This is the INSTALL file for nqs-3.36.  This version has been built and
tested on the following configurations:

	SGI IRIX 5.2 using both cc and gcc
	IBM RS6000 running AIX 3.2.5
	HP 9000/730 running HPUX 9.0.

This version has been built but not tested on the following configurations:

	SGI IRIX 4.0.5 
	DECstation running Ultrix 4.1
	SUN SparcStations running SUNOS
	SUN SparcStations running Solaris

This version has not been built or tested on the following architectures,
although there is a Makefile and fixes have been submitted by others:

	DEC Alpha running DEC OSF

The first part of this document is the instructions for installing this
implementation of NQS for the first time.  Following that are the
instructions for upgrading to this version from the previous version of
NQS from Monsanto.  At the end is some information for NQS load
balancing and Version staging.

------------------------------------------------------------------------
Steps required to install NQS for the first time:

1.  Unload the save set.  It creates a directory tree called nqs-3.36.

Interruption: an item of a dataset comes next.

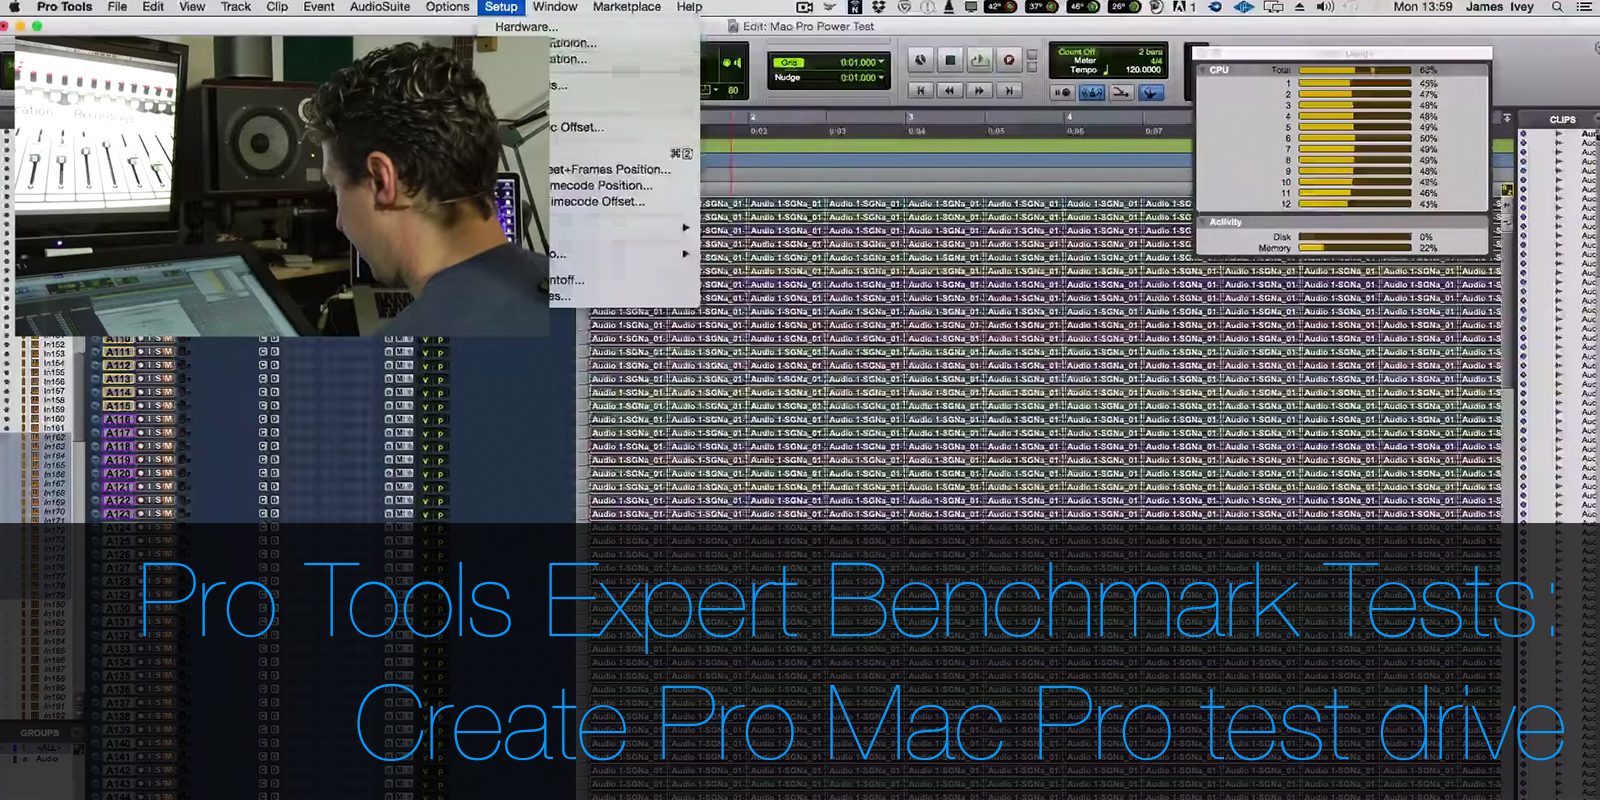 pro tools 11 mac requirements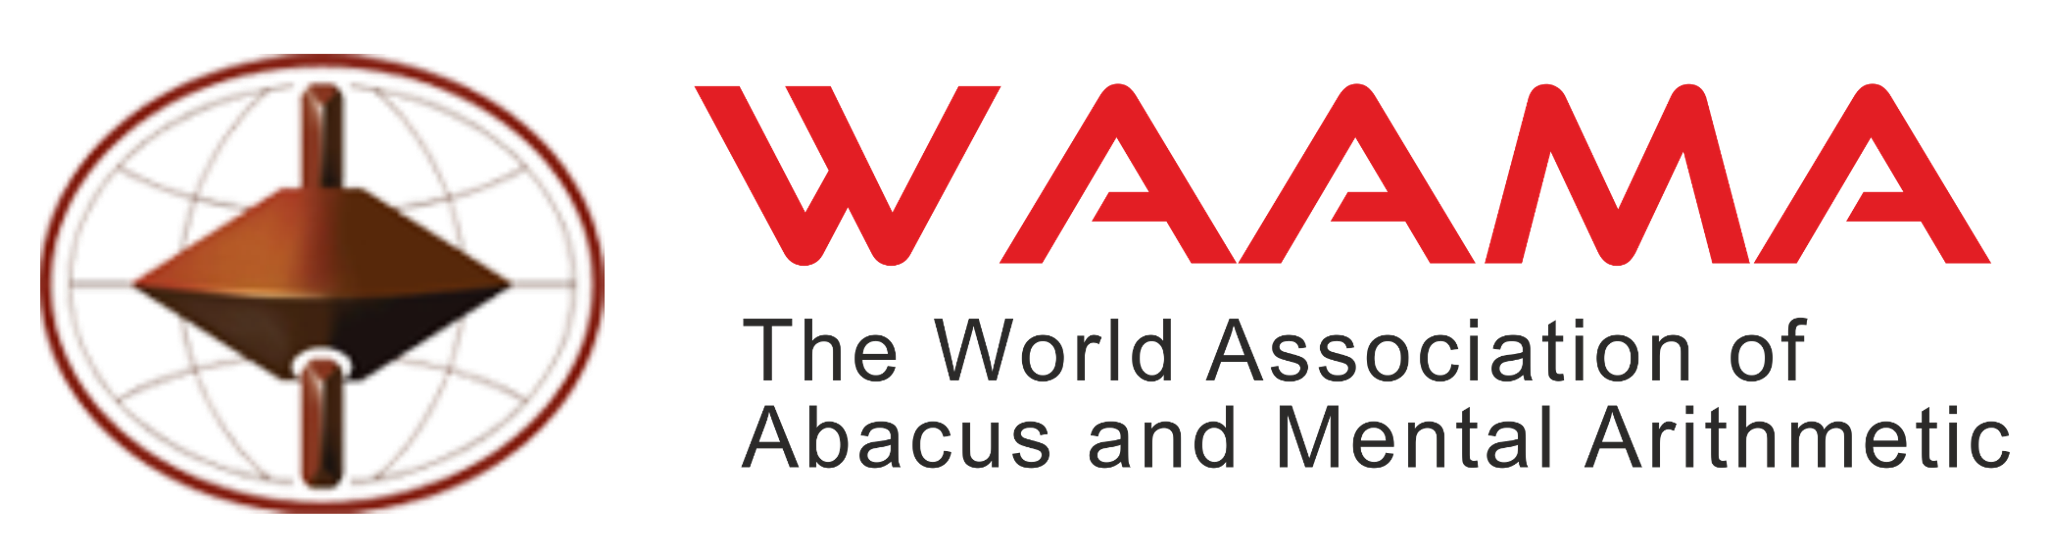 Waama logo 1

2.  As superuser cd to the proto directory and select the proper makefile
    for your architecture:

	Makefile.sgi		for Silicon Graphics IRIX 5.2
	Makefile.sgi4		for Silicon Graphics IRIX 4.0.5
	Makefile.ibm		for IBM RS6000s
	Makefile.hpux		for HP 9000s
	Makefile.ultrix		for Decstations.
	Makefile.solaris	for Suns running Solaris
	Makefile.sun		for Suns running SUNOS
	Makefile.decosf		for DEC Alpha

    Review the makefile to ensure that you understand what it is doing. 
    In particular, if you wish to install in "non-standard" locations, 
    you must make some modifications.

    Several environment variables are used throughout the installation.
    These are defined as follows:

    NQS_HOME
	This directory contains the NQS configuration file (nqs.config)
	that defines the rest of these environment variables to NQS. 
	By default, this directory is /usr/lib/nqs.  In a local network
	this directory can be shared by multiple heterogeneous nodes.
	This variable is not used in the Makefile, but see the note below.
    NQS_LIBEXE
	This directory contains the NQS daemon programs and administrative
	shell scripts.  By default, this directory is /usr/lib/nqs. In
	a local network, this directory can be shared by multiple 
	homogeneous nodes.
    NQS_NMAP
	This directory contains the NQS network mapping database.  This
	directory is only required by NQS.  No one needs to directly access
	it.  By default, this directory is /etc/nmap.  In a local network,
	this directory can be shared by multiple heterogeneous nodes.
    NQS_SPOOL
	This directory contains the NQS spool files and queue database.  This
	directory will contain around 1,000 i-nodes associated with NQS.  By
	default, this directory will be /usr/spool/nqs.  This directory
	must be private to each node that executes NQS.
    NQS_STAGE
	This directory contains the version of NQS to be installed the next
	time NQS is quiescent.  There is no default location.  In a local
        network, this directory can be shared by multiple homogenous nodes.
    NQS_USREXE
	This directory contains the NQS user interface and utility programs.
	This directory will be used by NQS users and must be in their
	search path.  By default, this directory is /usr/bin.  In a local
	network this directory can be shared by multiple homogeneous nodes.

    These symbols are defined in the makefiles up near the top.  Make
    changes as desired.

    If NQS is installed in locations other than the standard, then each NQS
    user will have to have the environment variable NQS_HOME defined and 
    point to the directory which contains the file nqs.config.  This file
    contains pointers to the various NQS directories.

    The commands to make and install NQS are:

	make -f Makefile.xxx
		to compile and load the NQS binaries
	make -f Makefile.xxx directories
		to build the NQS directory
	make -f Makefile.xxx install

    where xxx is the suffix used when building the software.

3.  [SGI only] Install the man pages by doing a

	make maninst

    Rebuild the whatis database:

	/usr/lib/makewhatis

    For other systems, you will need to do the appropriate things
    manually to install the man pages from the man subdirectory.  There
    is a man page called nqsconfig which is provided for local
    information on the NQS configuration.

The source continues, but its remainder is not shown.